From Dark Video to Structured Assets: How We Built Segment Metadata Extraction

Broadcasters, sports leagues, media companies, and enterprise platforms sit on petabyte-scale video archives. Most of that content is what we call dark video — it exists, but you can't search it, it isn't structured, and you can't operate on it at the level of meaning.

The reason is almost embarrassingly simple: video isn't text. You can't grep a video file, and SELECT * FROM video WHERE scene = 'scoring_play' isn't a thing. For video to carry economic value, it first has to be broken down into structured segments and machine-readable metadata. We call this video assetization.

This post is the story of how we've built Time-Based Metadata (TBM) and the evaluation system around it. One thing has become clear along the way: designing and evaluating temporally-grounded video understanding requires a different approach from what works for text or image models.

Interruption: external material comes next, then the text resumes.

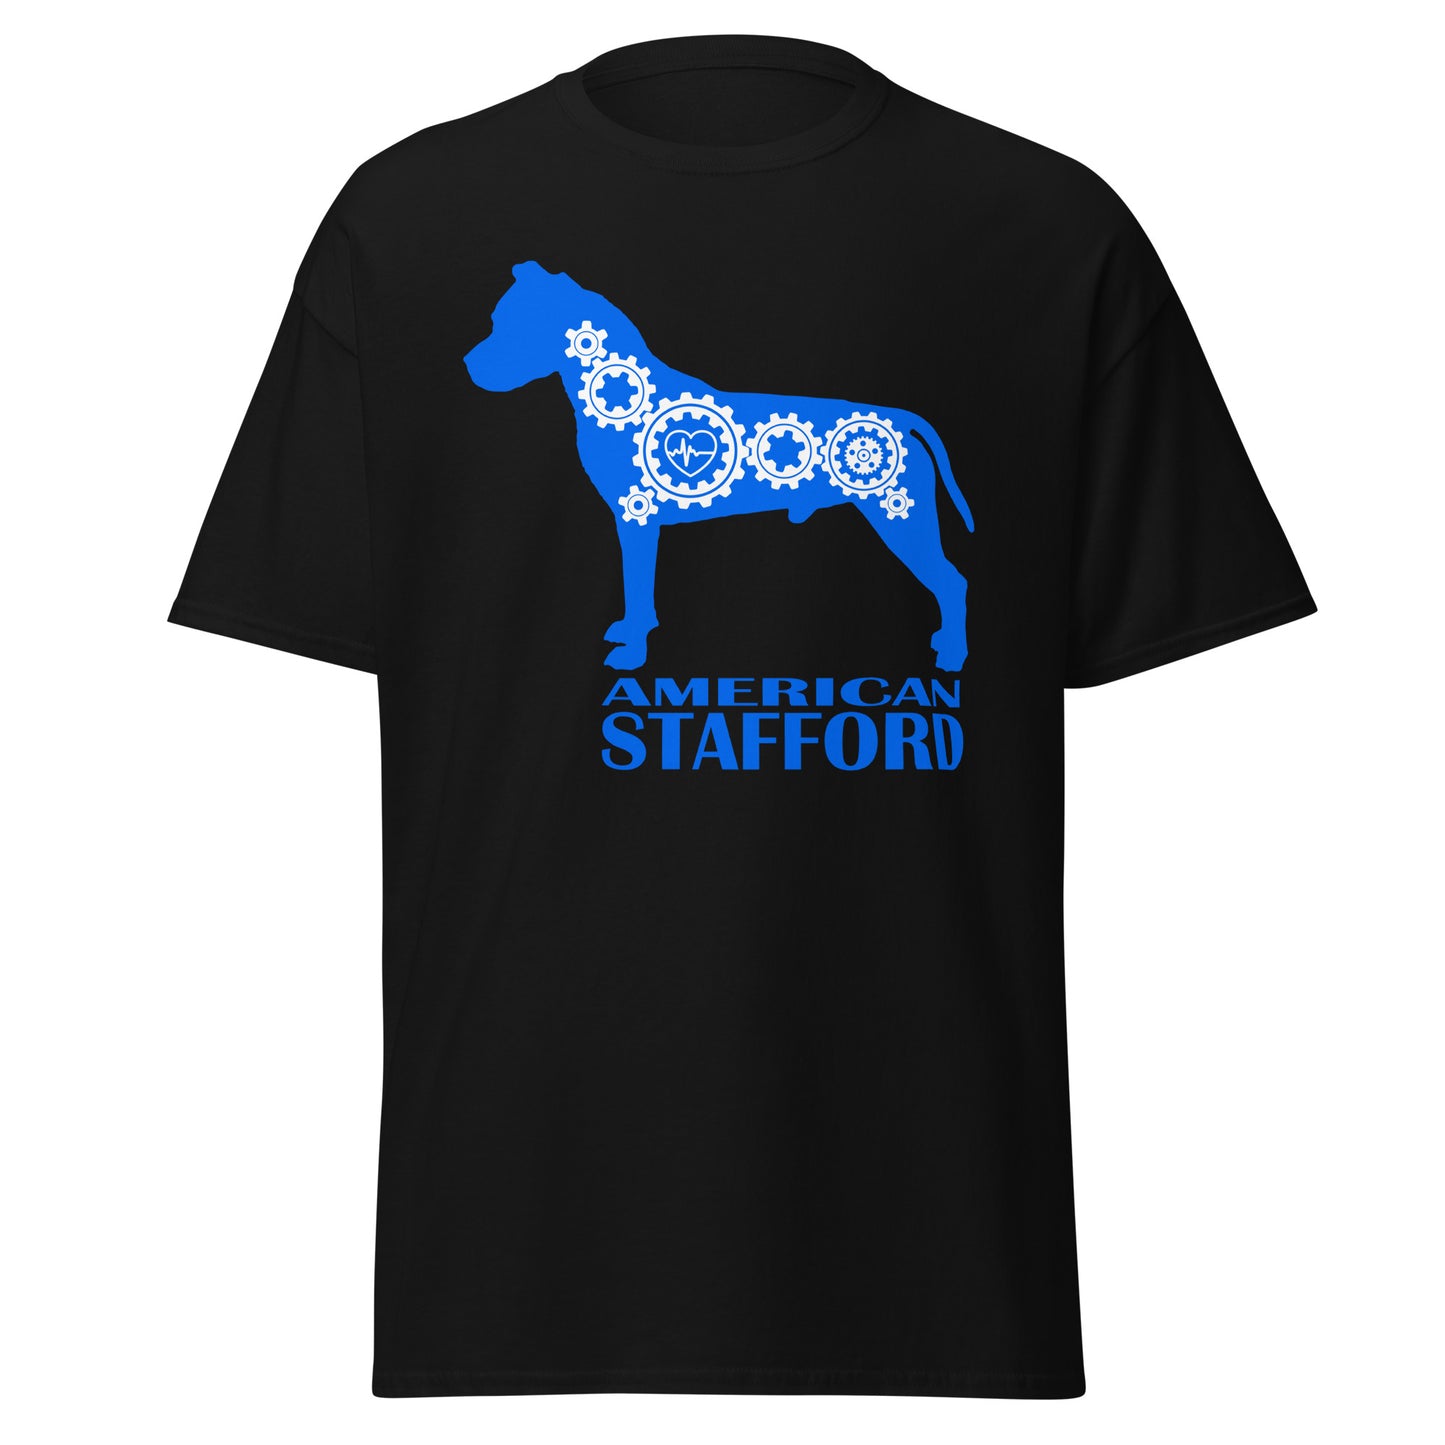 American Stafford Bionic men’s black t-shirt by Dog Artistry.

1. The Assetization Gap: What Customers Actually Want

Picture a broadcaster managing a 200,000-hour news archive. Today, that work is done by hand. Archivists manually log each segment, tag stories, identify speakers, and mark topic boundaries. It costs roughly $15 per hour of video, and budgets are shrinking. This simply doesn't scale.

Or take a CPG brand trying to track its product placements across thousands of influencer videos. They need every moment a creator speaks to camera while the product is on screen. It's not enough to know the product appeared — they need to know exactly when, how prominently, and in what context.

These aren't hypotheticals. Broadcast archive management, sports highlight automation, brand intelligence, compliance auditing — nearly every enterprise video workload we encounter demands two independent things at once:

1. Precise temporal boundaries: where does each segment start and end?

2. Schema-conforming structured metadata: what happened inside that segment?

Ask most video-language models today "what's happening in this video?" and you'll get a fluent paragraph back. But the moment you ask for "the start/end timestamps of every editorial narrative, with structured fields for topic, speaker, and confidence," you quickly discover that general video reasoning and production-grade segmentation are very different problems.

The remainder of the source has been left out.